StableDiffusionWebUIとControlNetを使って任意ポーズの画像を生成する

Kazuki Kyakuno

Published in

axinc

12 min readApr 6, 2023

PC上で簡単にイラストを生成するStableDiffusionWebUIと、イラストに制約をかけるControlNetを使用することで、任意ポーズの画像を生成する方法を解説します。

StableDiffusion、ControlNetについて

StableDiffusionは任意のテキストからイラストを生成することができるAIモデルです。StableDiffusionには各種の拡張を行うことができ、ControlNetを使用することでポーズなどの指定が可能です。

今回、検証に使用したバージョンは下記です。

Windows 10
Python 3.10.9
StableDiffusionWebUI = 22bcc7be428c94e9408f589966c2040187245d81
sd-webui-controlnet = 241c05f8 (Thu Mar 23 15:18:35 2023)

StableDiffusionWebUIについて

StableDiffusionWebUIはPC上で簡単にStableDiffusionを使用することができるWEBフロントエンドです。NVIDIAのRTXシリーズのGPUを搭載したWindows PCに、GitとPythonをインストールした上で、下記のコマンドを実行することでインストールと実行が可能です。

git clone https://github.com/AUTOMATIC1111/stable-diffusion-webui.git
cd .\stable-diffusion-webui\
.\webui-user.bat

実行後、表示されたURLにブラウザからアクセスすると操作可能になります。下記の例ではhttp://127.0.0.1:7860に接続します。

Model loaded in 9.5s (calculate hash: 3.5s, load weights from disk: 0.1s, create model: 2.9s, apply weights to model: 0.7s, apply half(): 0.6s, move model to device: 1.0s, load textual inversion embeddings: 0.7s).
Running on local URL:  http://127.0.0.1:7860

接続するとWEB UIが表示されます。txt2imgのタブでテキストを入れてGenerateを押すと画像が生成されます。

モデルファイルの変更

StableDiffusionには各種の派生のモデルファイルが存在します。モデルファイルはsafetensors形式になっており、ダウンロードしてmodelsフォルダに配置することで使用することが可能です。

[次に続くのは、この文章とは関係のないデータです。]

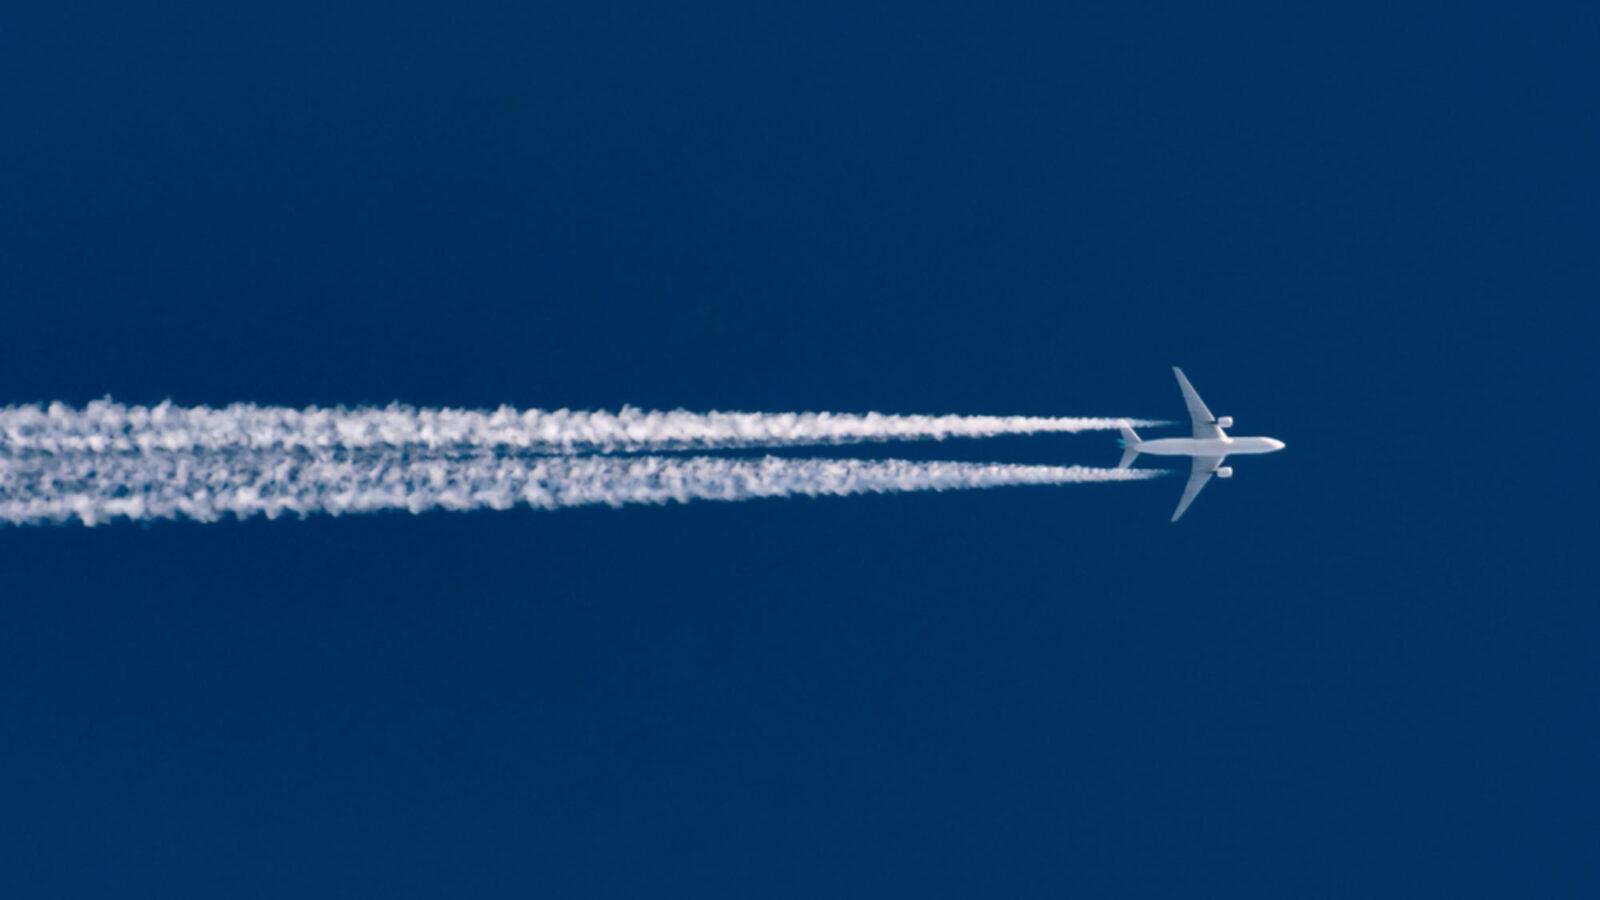 الخطوط البيضاء التي تتركها الطائرات في السماء

まず、Basil_mix_fixed.safetensorsをダウンロードして\stable-diffusion-webui\models\Stable-diffusionに配置します。このモデルファイルはRealistic texture and Asian faceでFine Tuningされたモデルです。

Basil_mix_fixed.safetensors · nuigurumi/basil_mix at main

Upload Basil_mix_fixed.safetensors 447b3e6 This file is stored with Git LFS . It is too big to display, but you can…

huggingface.co

次に、vae-ft-mse-840000-ema-pruned.safetensorsを\stable-diffusion-webui\models\VAEに配置します。VAEは後処理用のモデルです。sd-vae-ft-mse-originalは生成された顔を補正する効果があります。StableDiffusionの画像の破綻をリカバリーします。

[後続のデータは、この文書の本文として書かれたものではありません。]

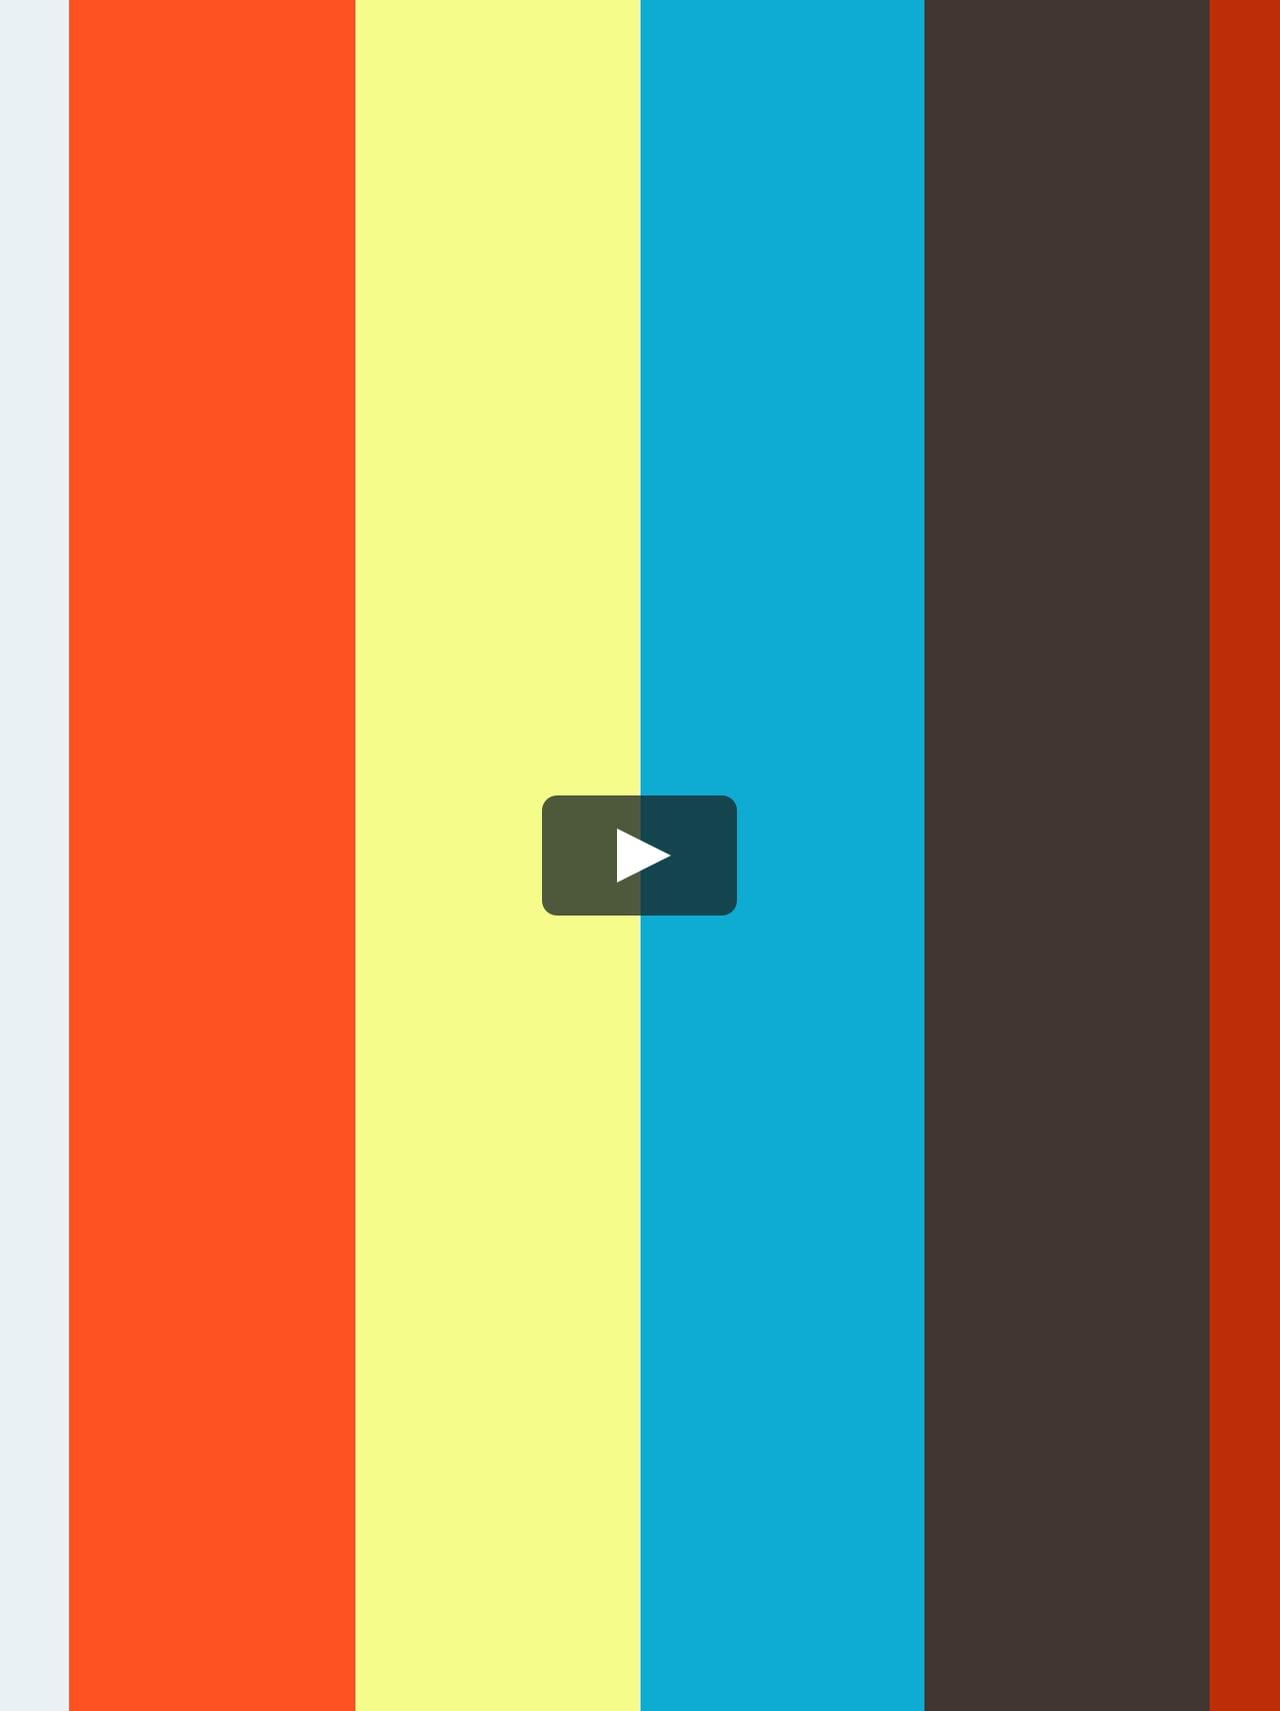 Module 10 On Vimeo

vae-ft-mse-840000-ema-pruned.safetensors · stabilityai/sd-vae-ft-mse-original at main

Adding `safetensors` variant of this model (#1) 629b3ad This file is stored with Git LFS . It is too big to display…

huggingface.co

モデルファイルの配置が終わったら、WEB UIの左上のモデル選択のリフレッシュマークを押し、リストボックスから選択することで、ダウンロードしたモデルが使用可能です。

VAEモデルはSettingsのStable Diffusion -> SD VAEで選択します。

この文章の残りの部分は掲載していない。